# outdoor plant count



## Syke (Feb 25, 2011)

hey guys,
juss wanted to get some opinions on my outdoor grow space.
i have a 10'x25' garden bed.

how many plants do you guys think i could fit in here?
12?18?

thnx for the help


----------



## Syke (Feb 27, 2011)

lol bro ur crazy
4 plants? iono sounds wrong to me
i grew 6 plants tht were all atleast 6'
up to 8'. so thts not gonna work but thnx i guess....


----------



## dman1234 (Feb 27, 2011)

7 rows of 3 plants/row= 21 plants JMO.


----------



## Hick (Mar 3, 2011)

dman1234 said:
			
		

> 7 rows of 3 plants/row= 21 plants JMO.


*"IMO/E"*.. 3 foot centers is going to be crowded, if your plants reach any size. "I" would say 2 rows of 5 would be more appropriate. BUT.. it is all going to be dependent on how big you are able to, or you 'restrict' them too. 
  I have seen plants that were over 6 feet across, making my suggestion for 5 foot centers "crowded".


----------



## slowmo77 (Mar 3, 2011)

i would think 3 rows of 5 would be the max but like Hick said it depends of how big you plan to let them get


----------



## Syke (Mar 7, 2011)

ok hick thnx for re assuring
i was gonna do 2 rows of 6
each have a 4'x3.5'x1.5' deep


----------



## tcbud (Mar 7, 2011)

I have done 21 plants in about the same area you are gonna use.  Some turned out pretty small.  It was really crowded in there that year.

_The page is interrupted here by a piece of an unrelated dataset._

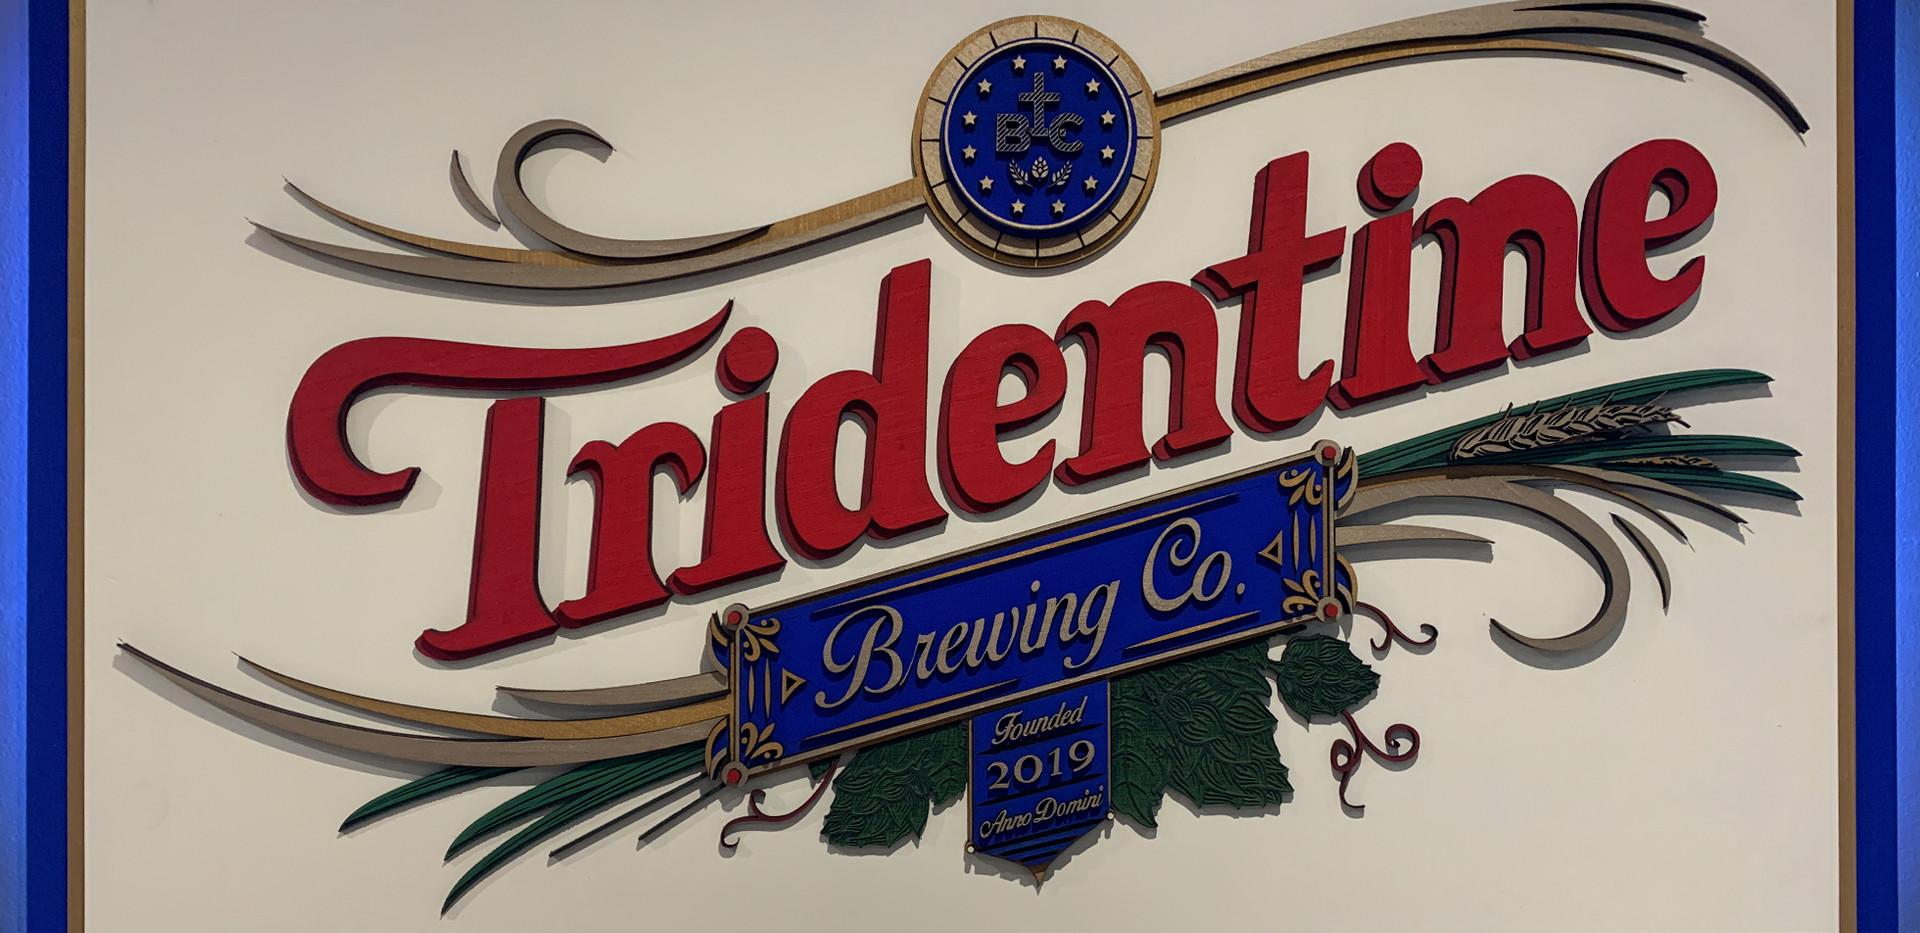 Tridentine_3.jpg

I am gonna try less this year and go for more bulk in plant size.  Doing two rows of 4 per. this year.  One in center back too.  Anyway that is the March plan for the June line up.  Hopefully larger "centers" will mean larger plants.  I have seen mine stop growing out when they get close to the plant next to them.  Yet when they hit the fence they keep growing......odd.

Good luck to you.


----------



## cubby (Mar 7, 2011)

I would think it would depend on what type/strain your gonna' grow. Autos would take alot less room than 12/12. And even among 12/12 size and growing technique would be a variable to conssider.


----------